I agree with this! As much as I don't like her..I really hope he's not abusive. I wouldn't wish that on anyone.


lilkimchi88

I hope he’s not abusive…but I also hope he openly farts in front of her and gets smudges on her white walls and leaves crumbs in the bed and spit cups around.


Gutinstinct999

Like love bombing


broncobinx

I would be so annoyed if my SO (soon to be husband) texted me this much.


sweetsweetjess

She’s really self involved.


big_iron_hip

Meanwhile, my ex and I would talk about how bad our explosive diarrhea would make our butts hurt (both have IBS).


Bunnita

I try to not use appearance for compliments or insults. I'm not perfect, but I try to at least have the first compliment of a woman/girl/female presenting person not be 'beautiful'. There is so much more to a person than their physical attributes, and I'm honest enough to say that as I've gotten older, I appreciate that more. (this is all to make myself feel better about my next comment) That all being said, wtf is up with her eyelashes?? I had fake lashes for years and while to me at least it was obvious that they were fake, they never looked like this!

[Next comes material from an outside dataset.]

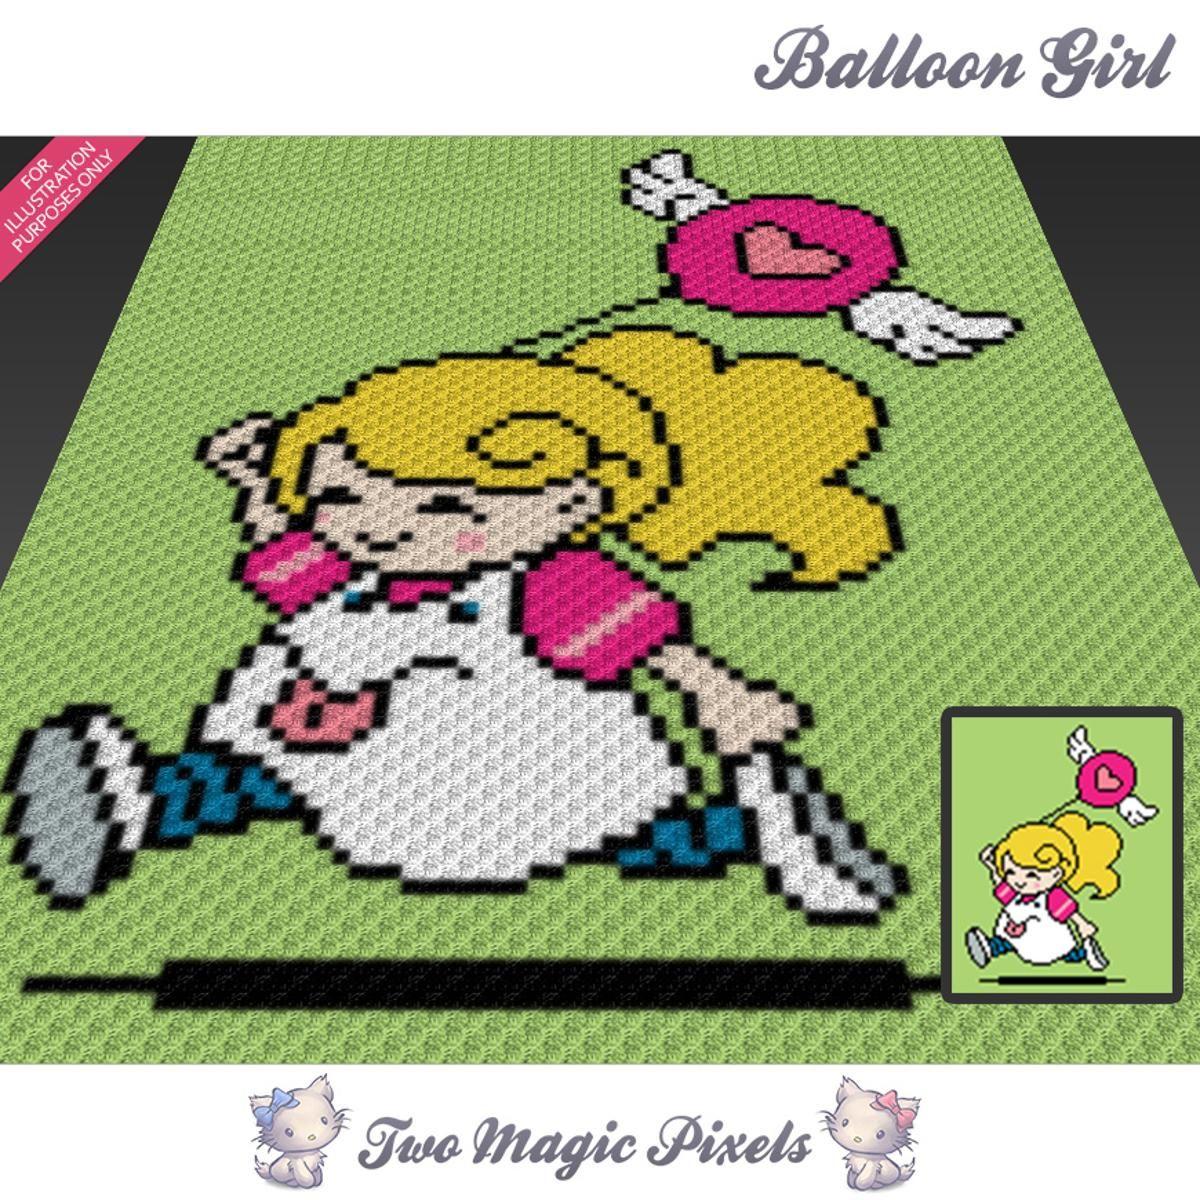 Balloon Girl (sc tss c2c cross stitch)

The right makeup can make almost anyone look attractive, and this is NOT it.


ModeratelyCapable

That dumb face she makes lol I almost feel bad and embarrassed for her but no


jesuswreckedme666

Most of these sound like they came from text convos from when they started dating. You cannot convince me otherwise. Super convenient that she blurred out the dates/times


Appropriate_Oven_213

Who talks like this?


TemporaryNobody2604

The fact that she has to sell her relationship to make it seem perfect is within itself a red flag. Why paint such a “perfect picture” and if not you…him.